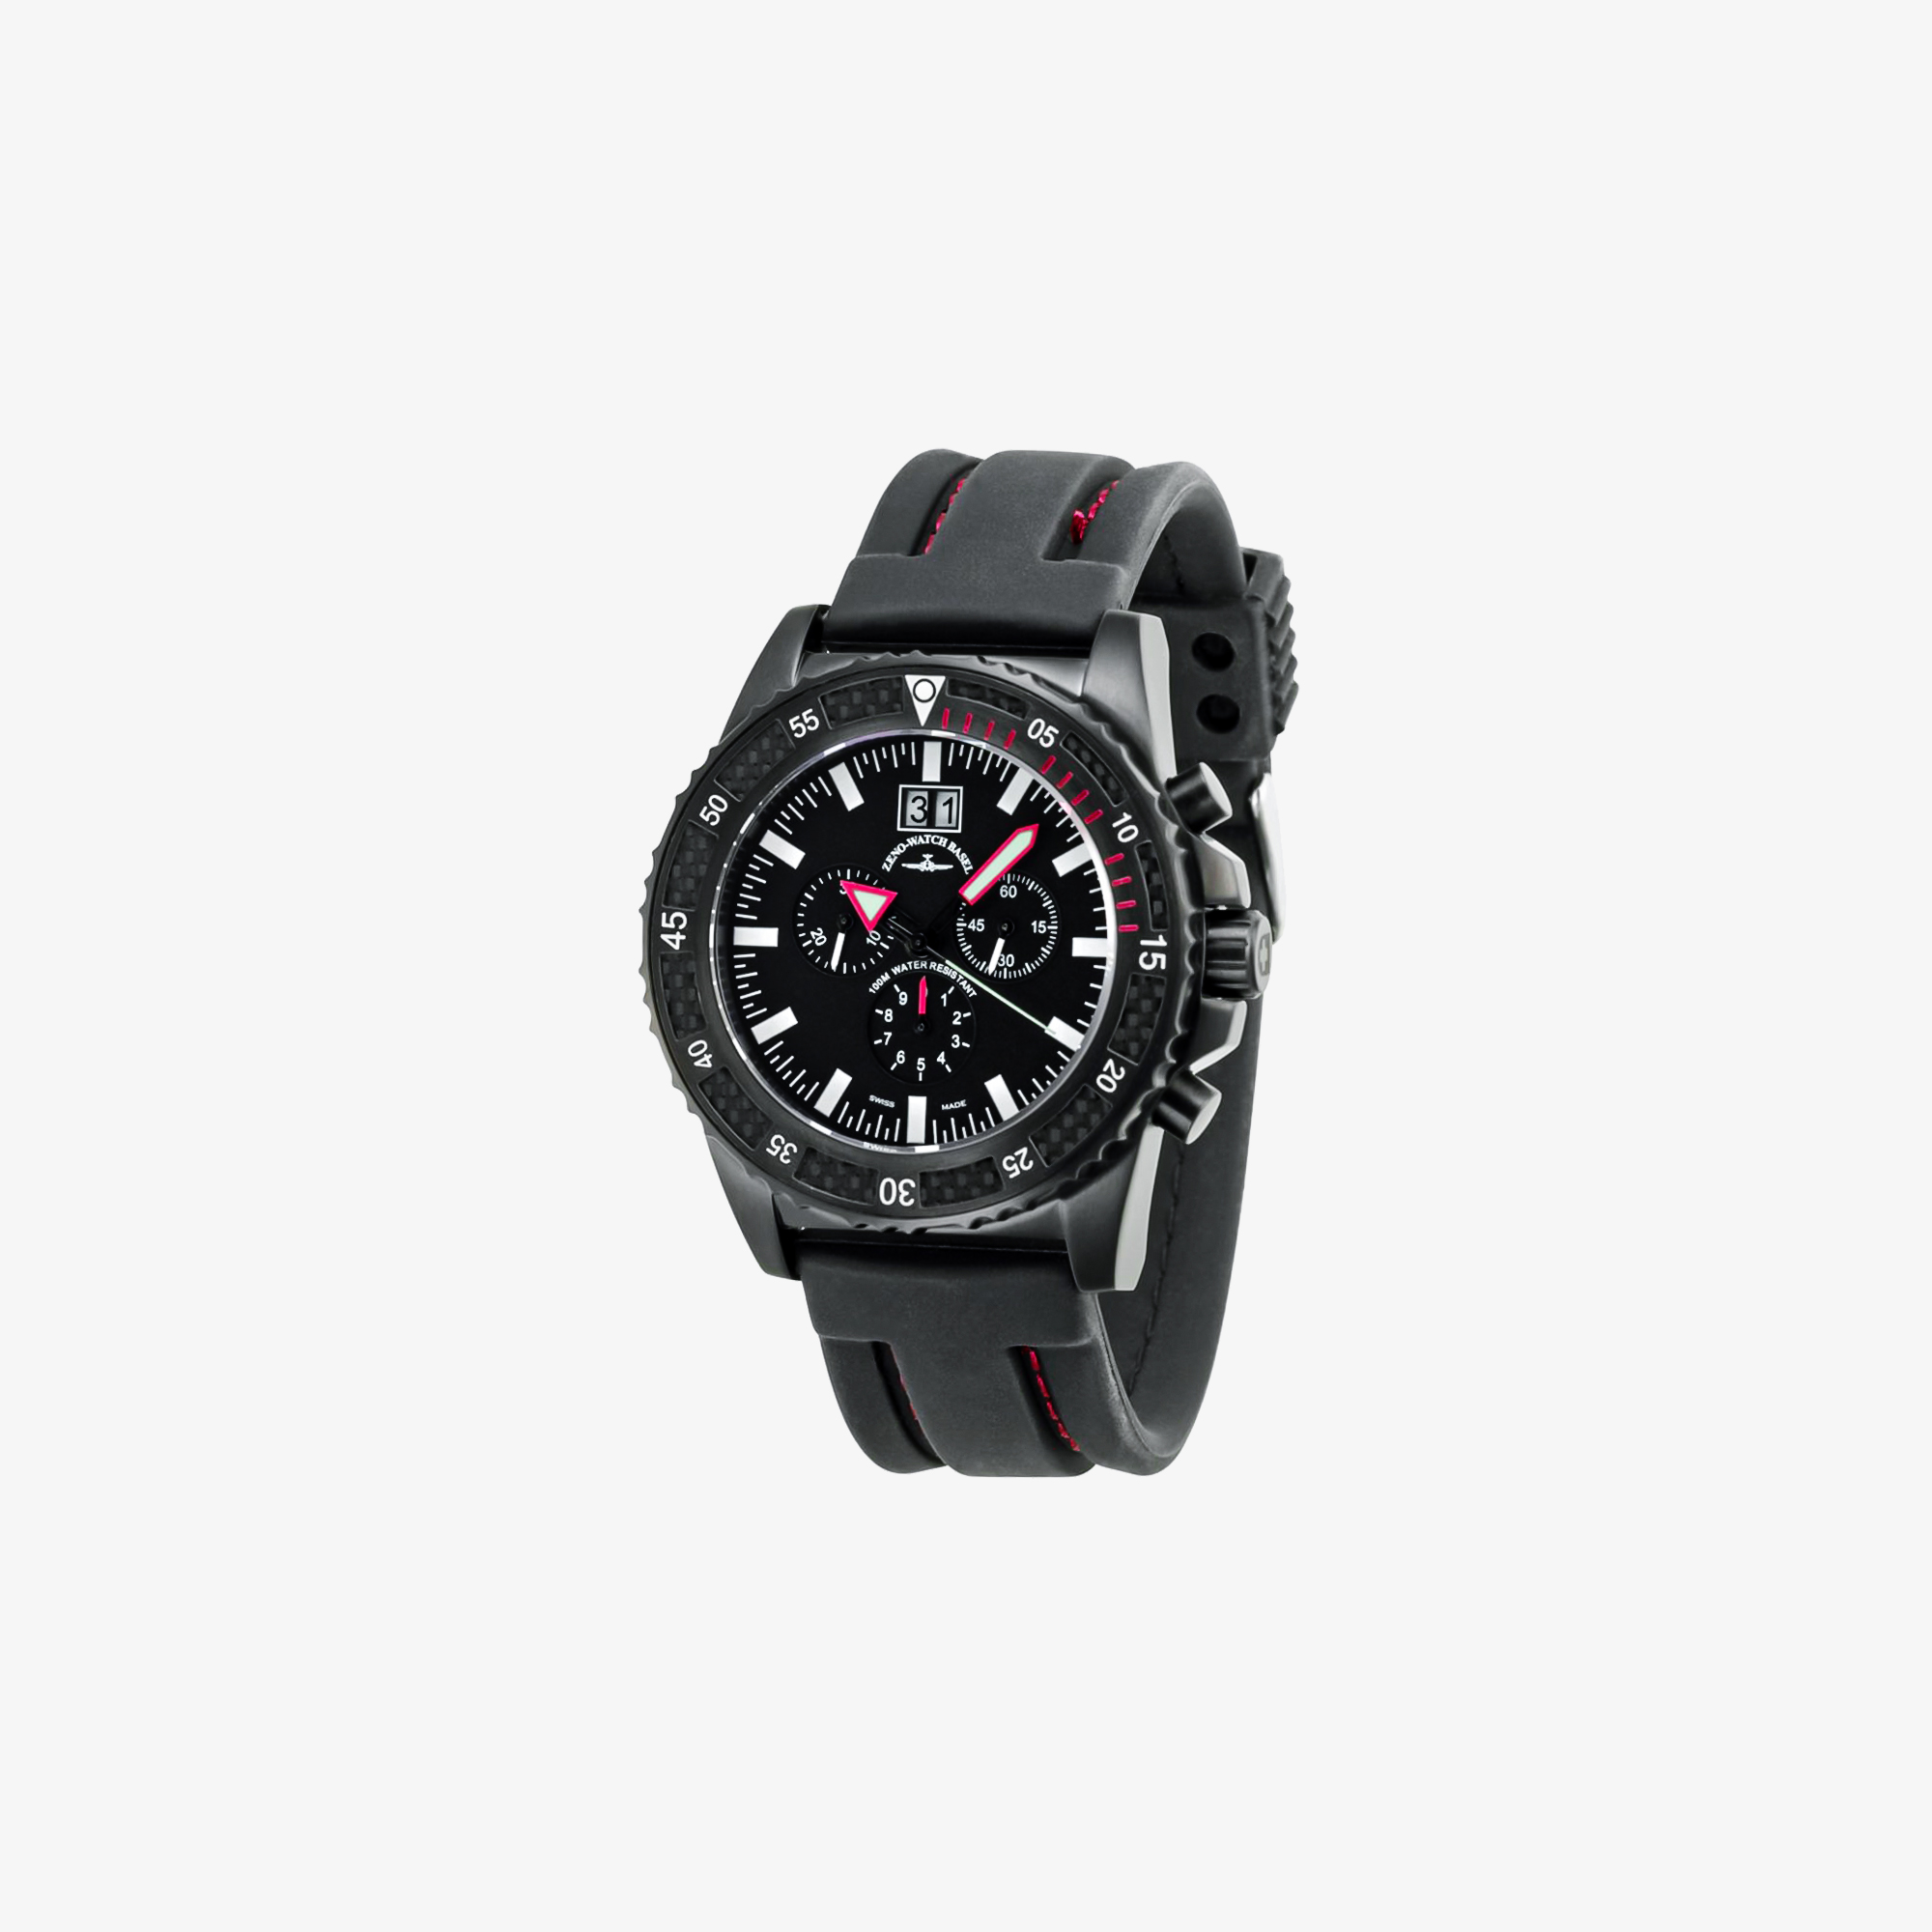 ZENO-WATCH BASEL,PD-Look Chronograph Q Big Date black+red
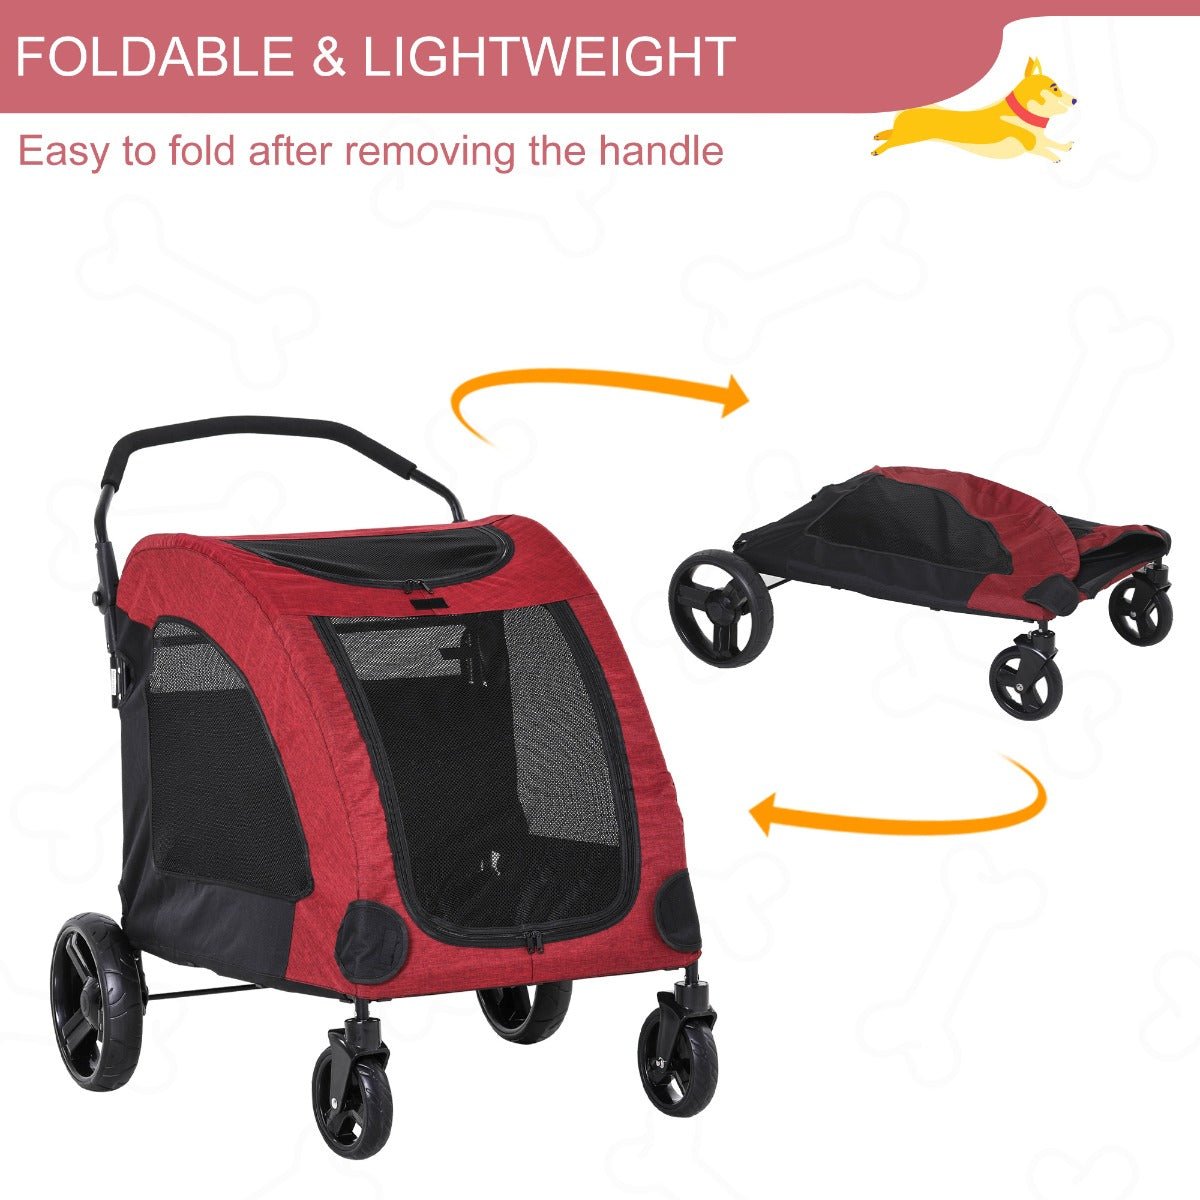 Pet Supplies-Foldable Pet Stroller for Medium Size Dogs with Storage Basket, Ventilated Oxford Fabric, Universal Wheel, Red - Outdoor Style Company
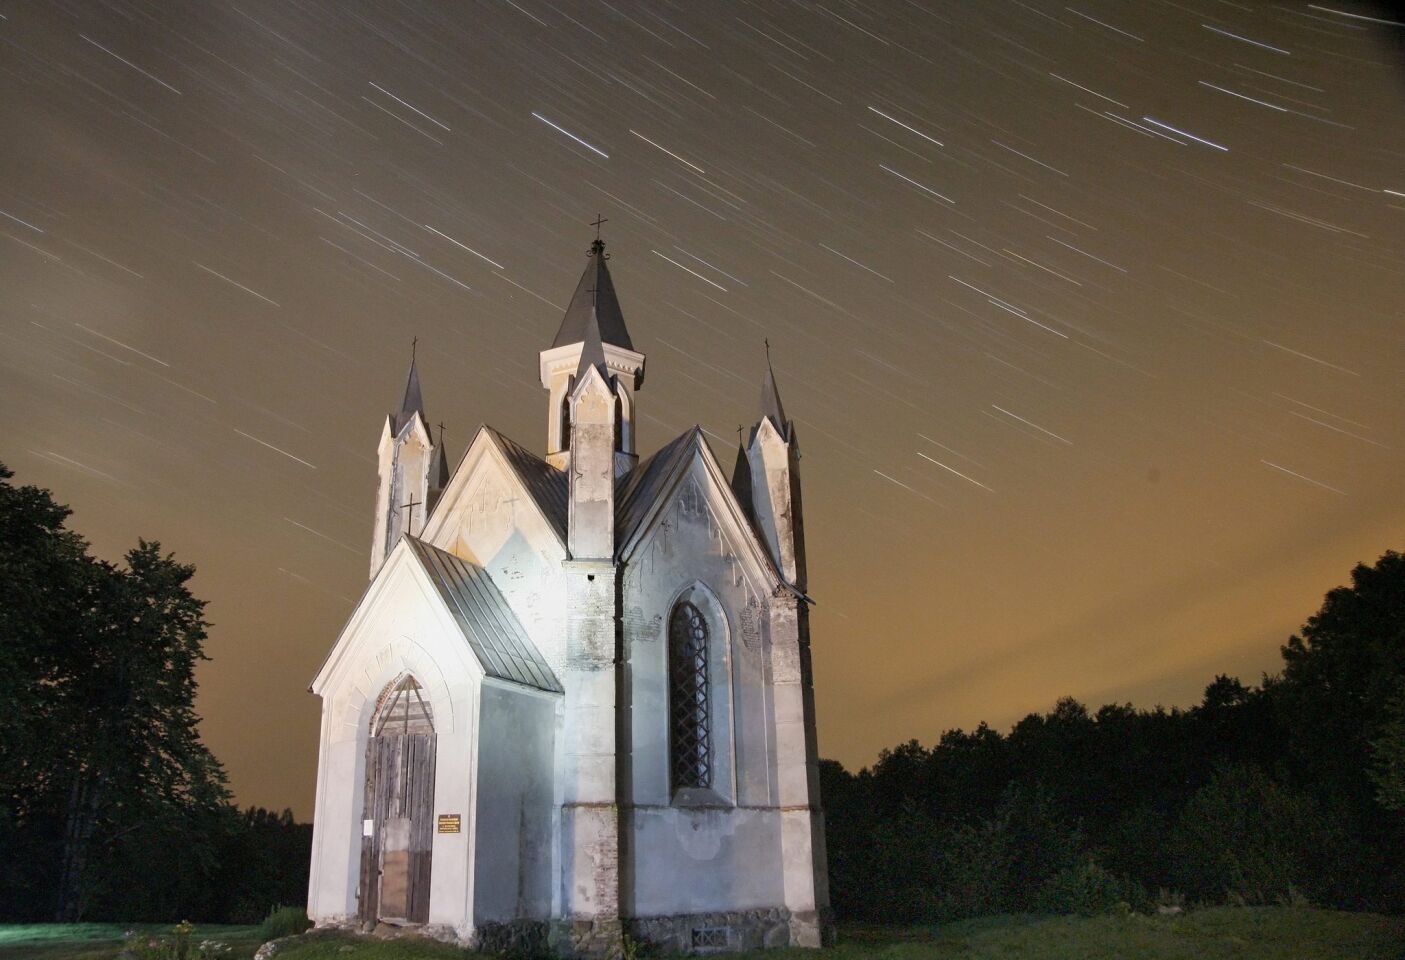 A Catholic church is seen on a time-exposure during the Perseid meteor shower near the village of Bogushevichi in Belarus.

> ACTION ITEM
A faithful transcription of the material, with no pictures, is the expected result.

> WRITTEN RESPONSE
 ZENO-WATCH BASEL,PD-Look Chronograph Q Big Date black+red
 Pet Supplies-Foldable Pet Stroller for Medium Size Dogs with Storage Basket, Ventilated Oxford Fabric, Universal Wheel, Red - Outdoor Style Company
 A Catholic church is seen on a time-exposure during the Perseid meteor shower near the village of Bogushevichi in Belarus.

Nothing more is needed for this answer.